### Collected material
******

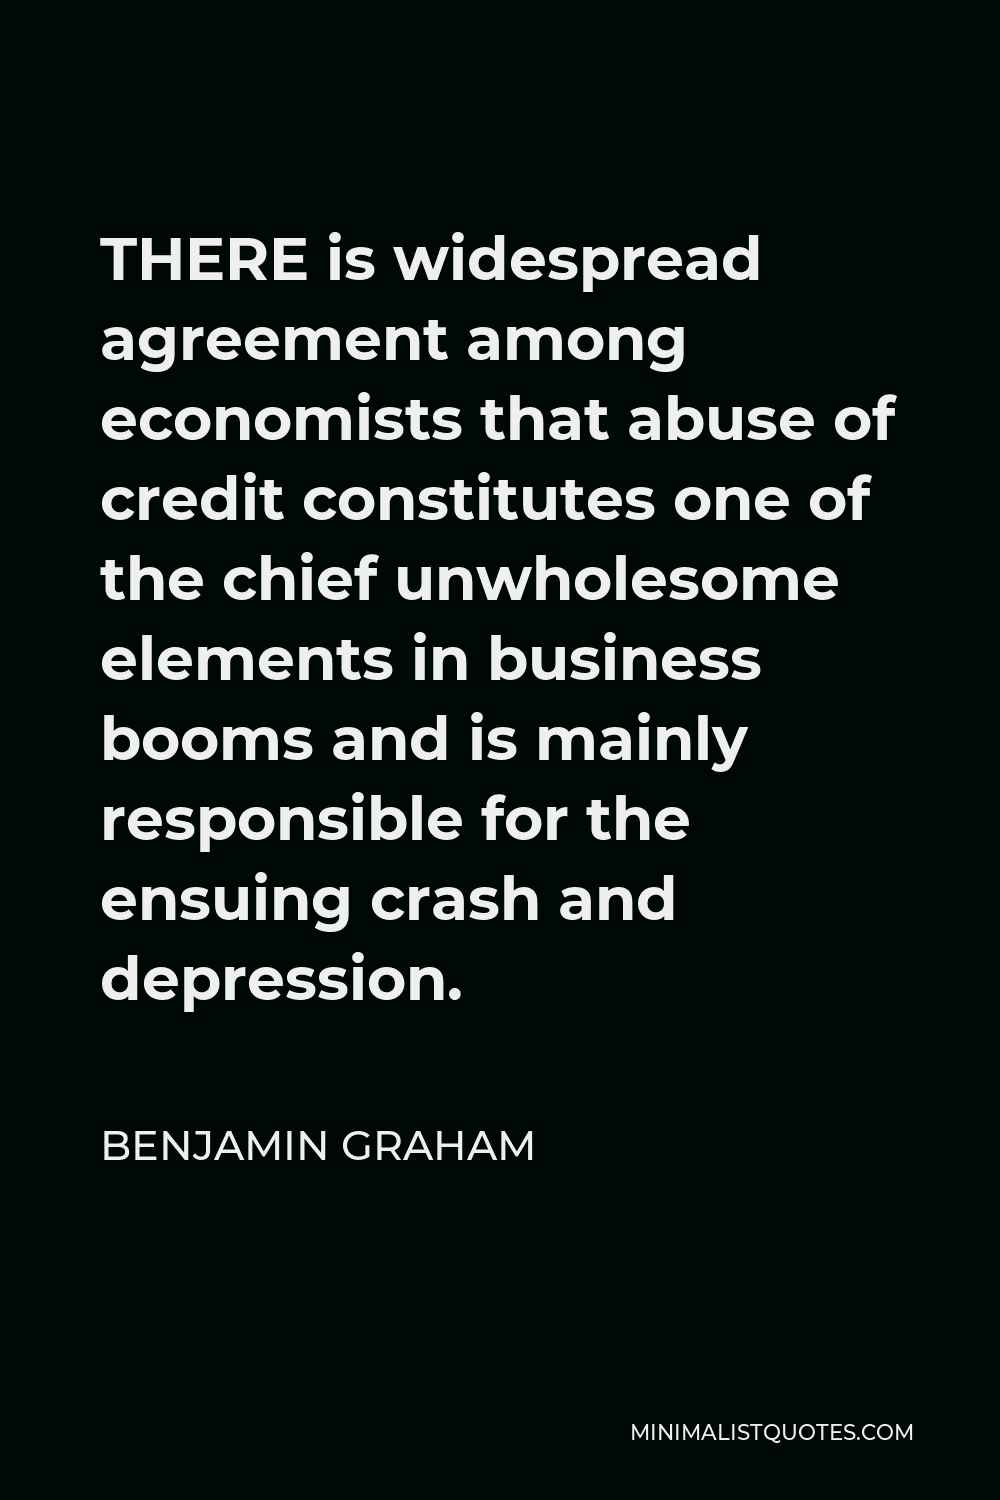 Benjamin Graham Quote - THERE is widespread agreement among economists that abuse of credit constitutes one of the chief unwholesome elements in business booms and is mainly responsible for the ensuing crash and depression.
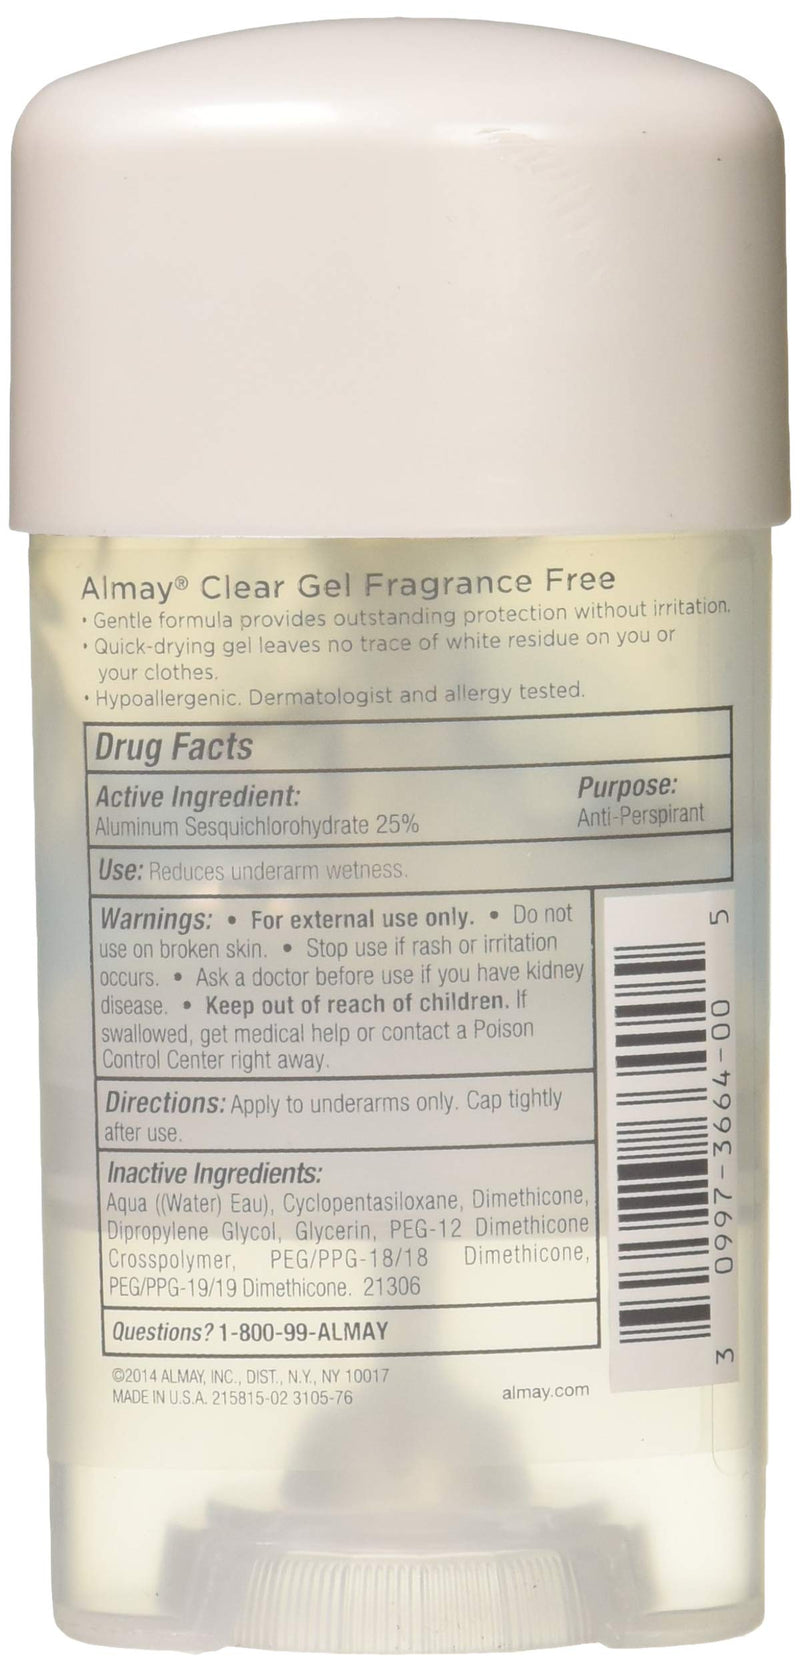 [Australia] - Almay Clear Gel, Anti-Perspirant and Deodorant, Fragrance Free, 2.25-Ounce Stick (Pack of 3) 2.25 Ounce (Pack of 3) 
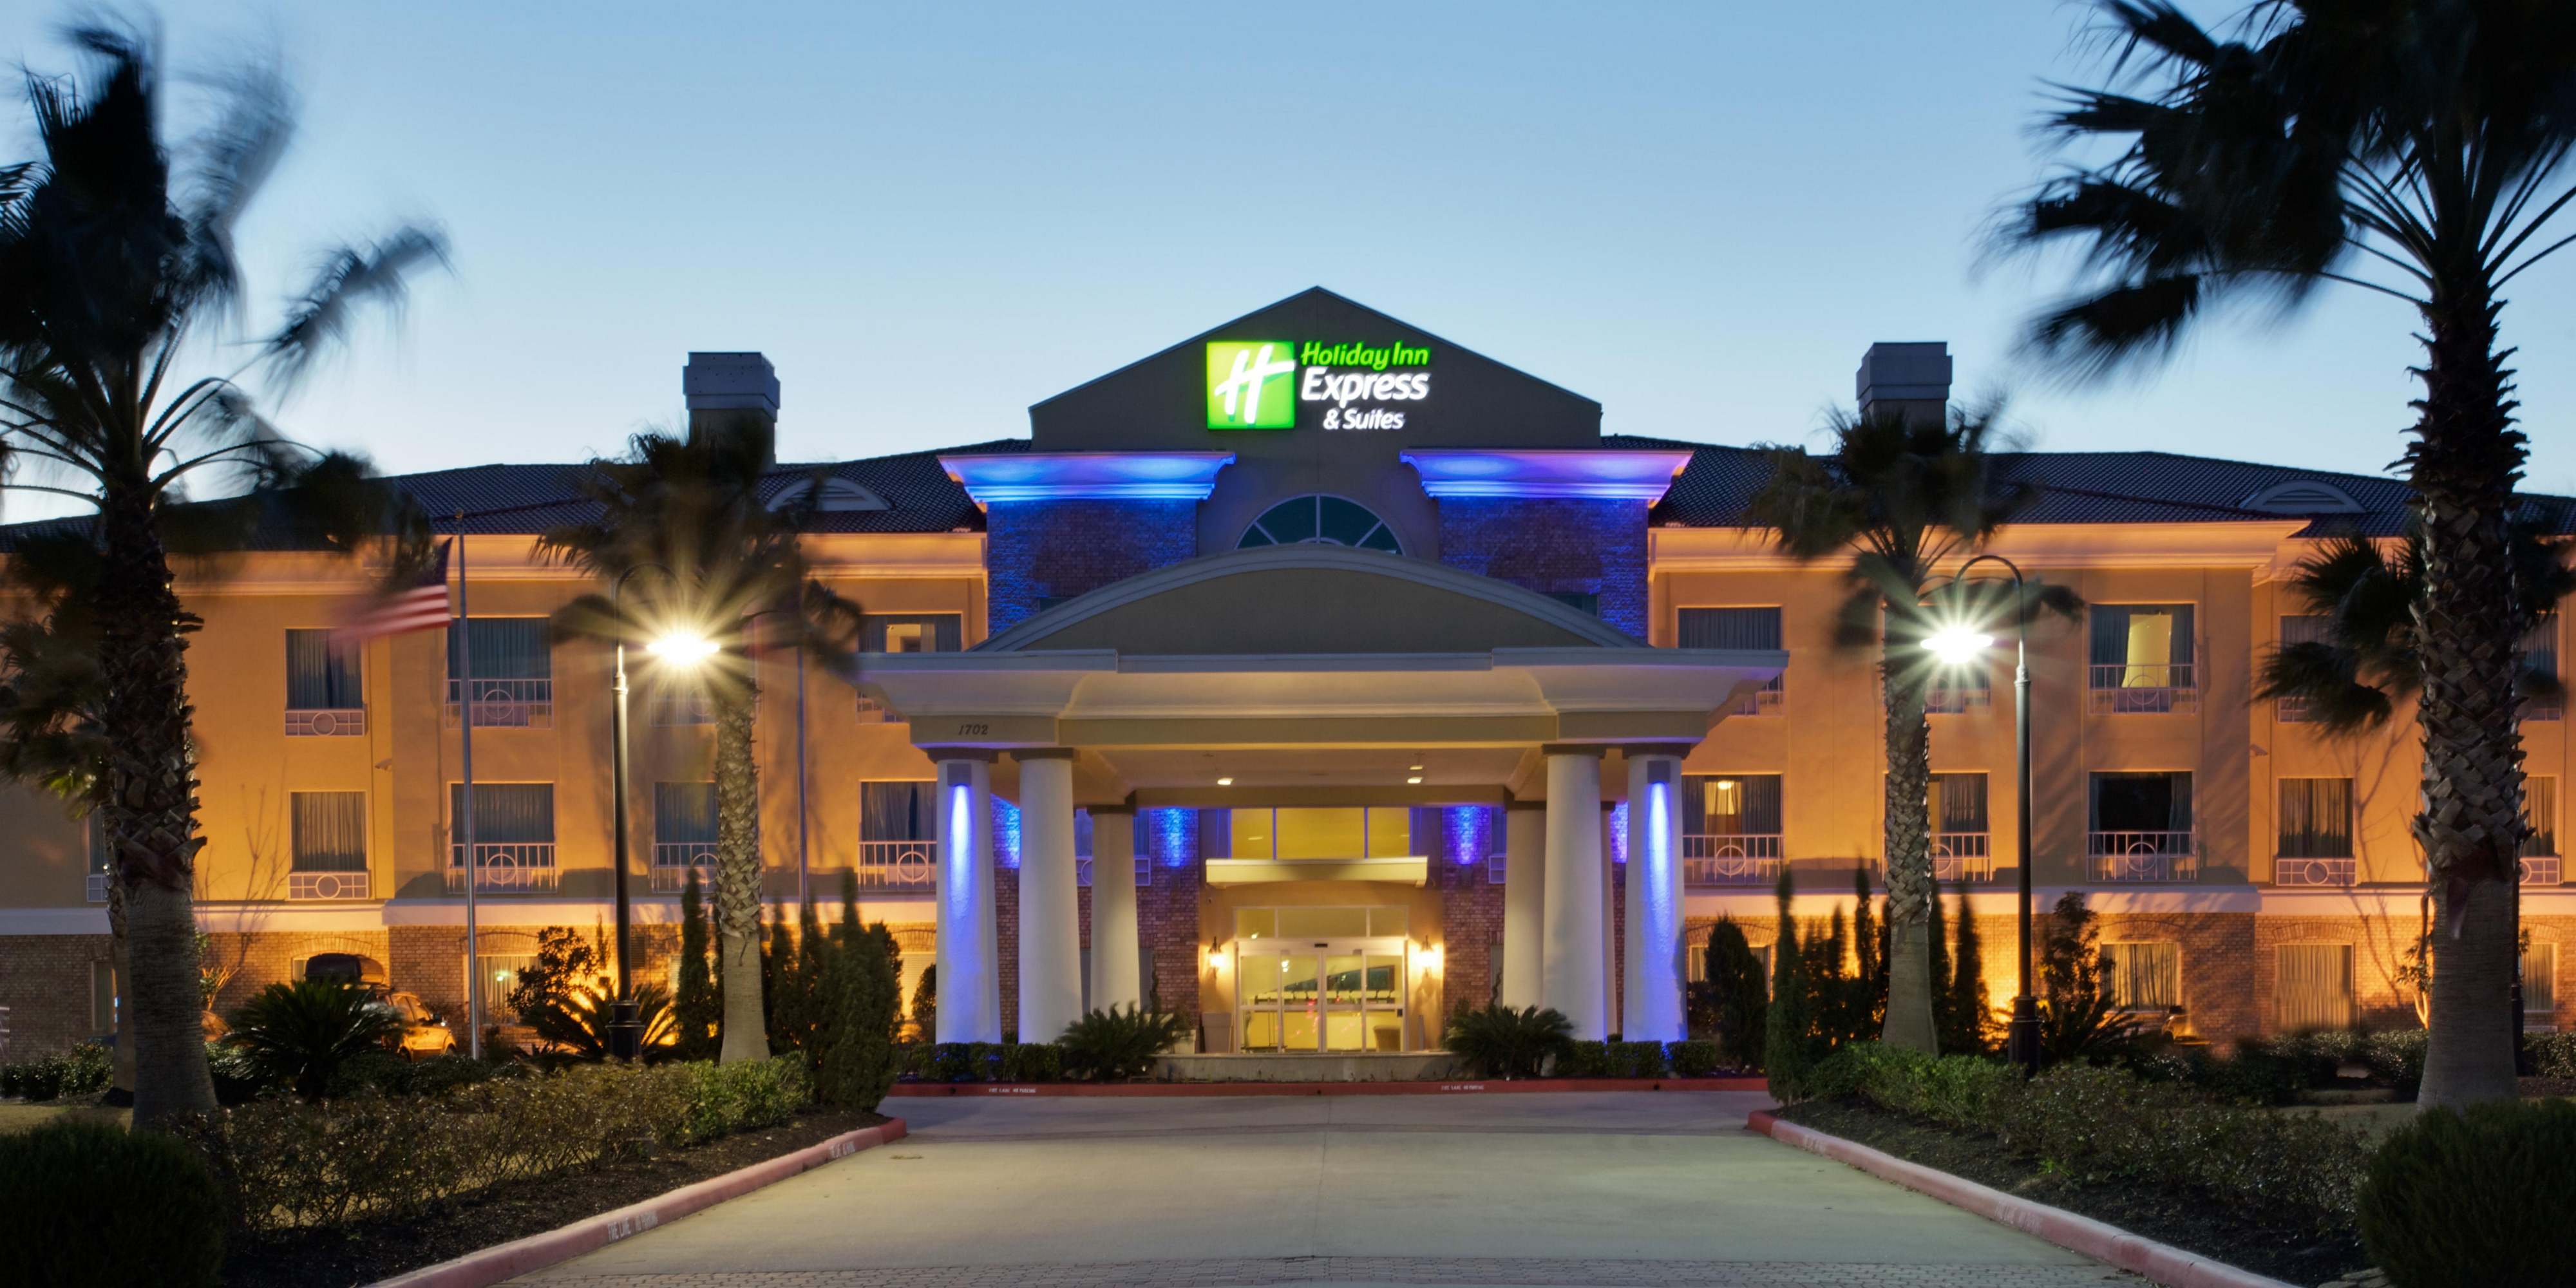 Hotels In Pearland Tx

******

The lines from the one holding "[Australia] - Almay" through the end of the material above are to be echoed exactly, both ends included. Do not include pictures.

### Exercise response
 [Australia] - Almay Clear Gel, Anti-Perspirant and Deodorant, Fragrance Free, 2.25-Ounce Stick (Pack of 3) 2.25 Ounce (Pack of 3) 
 Hotels In Pearland Tx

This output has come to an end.